Anyway, it's probably completely possible to adopt many or most proposed features into Emacs but it could be prohibitively hard to adopt them into some other editors.

dgellow · on Aug 21, 2014

There is the web-mode for emacs [1] to manipulate files with different languages. It is oriented for editing templates but something more general should be possible.

Currently I am using it a lot to write React's JSX which combine javascript and XML.

[1] http://web-mode.org/

kazinator · on Aug 21, 2014

... and of course, in Lisp you can embed other languages in terms of their syntax trees, so the composed language problem goes away. Your HTML just looks like (html (head ...) (body (h1 ...))) or whatever; no "language box for HTML" needed.

mtdewcmu · on Aug 21, 2014

>> Your HTML just looks like (html (head ...) (body (h1 ...))) or whatever; no "language box for HTML" needed.

In your example, the language composition is smooth because there's only one language there: Lisp. HTML has capitulated.

willismichael · on Aug 21, 2014

That's the point, HTML is just a hobbled lisp with an awkward syntax. If you're building a template engine in a lisp, it's much nicer to just use the native lisp syntax instead.

judk · on Aug 21, 2014

HTML is a subset of lisp with a different syntax.
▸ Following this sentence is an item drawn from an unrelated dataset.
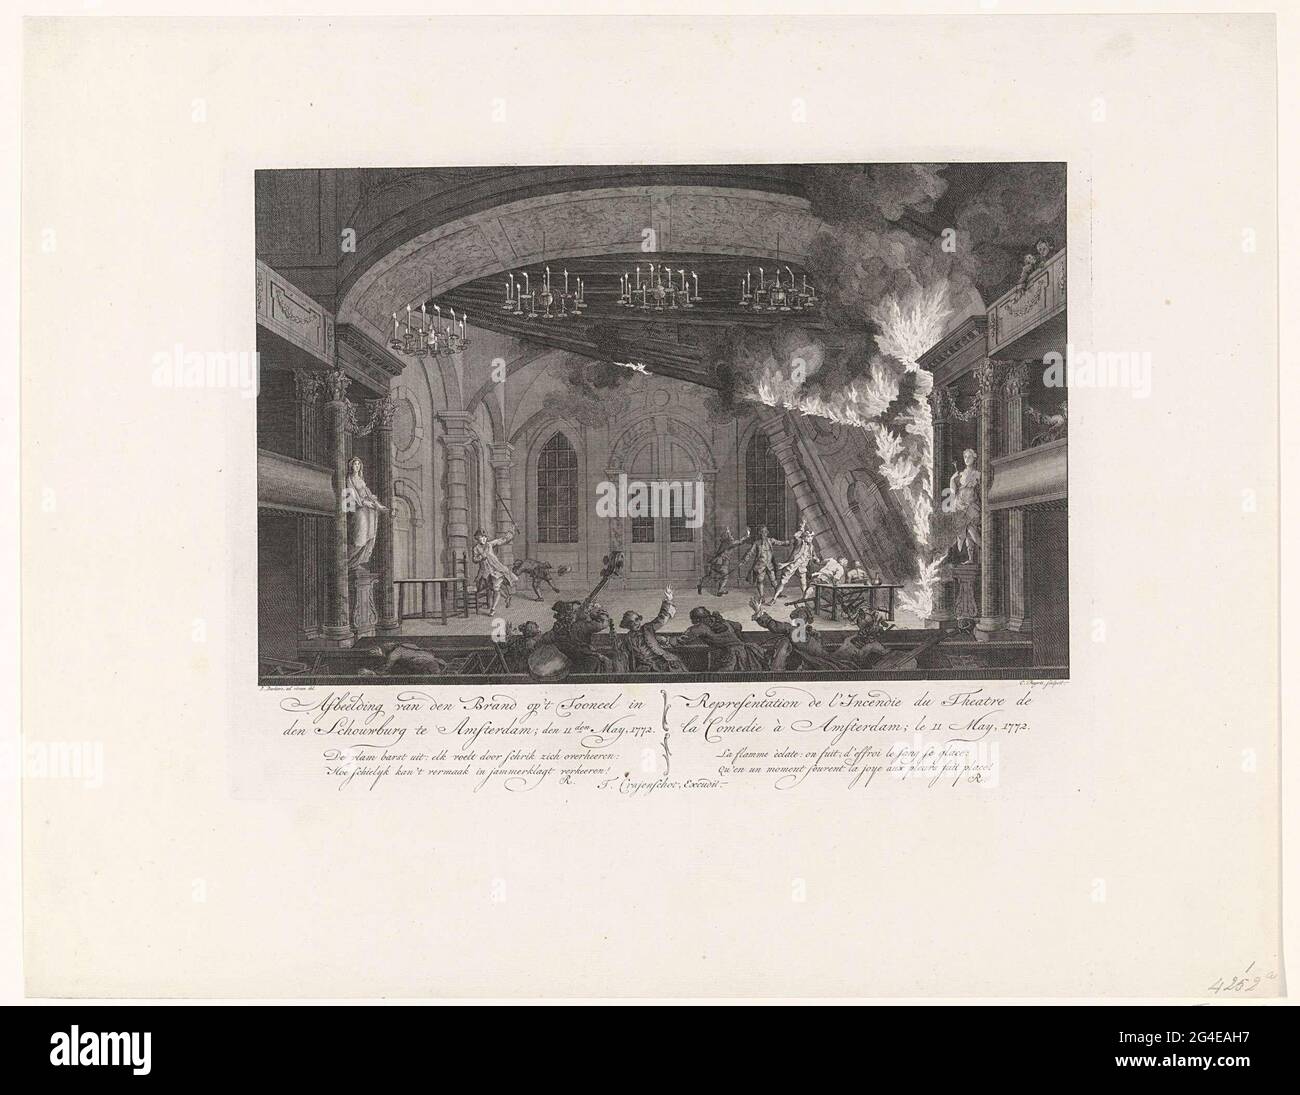 . View of the stage of the Amsterdamse Schouwburg during the outbreak of the fire on May 11, 1772. The fire started during the execution of the opera 'the desertor'. On the stage flights actors and right falls a burning decor piece. Musicians flee the orchestra bin in the foreground. Under the show the title and a two-legged fresh in Dutch (left) and French (right). Part of a series of four prints with title print over the fire in the Amsterdamse Schouwburg. Stock Photo

The rest of your point holds without lashing out at HTML.

In different environments, different syntaxes show strength. What happens if you misplace a ) vs misplacing an </tag> ?

kazinator · on Aug 21, 2014

What happens when you misplace a tag, and it's around 1995, is that browsers somehow parse it anyway without complaining, rendering the page anyway. Users then believe that this is the correct syntax: closing tags is optional, as is the order in which it is done. Twenty years later, you end up with a mess of a situation where every browser has to support not only its own historic buggy behaviors but those of other browsers.

You cannot "misplace" a closing parenthesis, at best you can have too many of them not enough. Of course, you can enclose the wrong amount of material, but to see what is being enclosed, you just need parenthesis matching support in the editor. This is more common than XML tag matching support. E.g.

http://stackoverflow.com/questions/500989/jump-to-matching-x...

kazinator · on Aug 21, 2014

> "In a sense, when programming in a text editor I think in trees; mentally flatten that tree structure into sequences of ASCII characters that I can type into the text editor; and then have the parser recreate the tree structure I had in my head when I wrote the program."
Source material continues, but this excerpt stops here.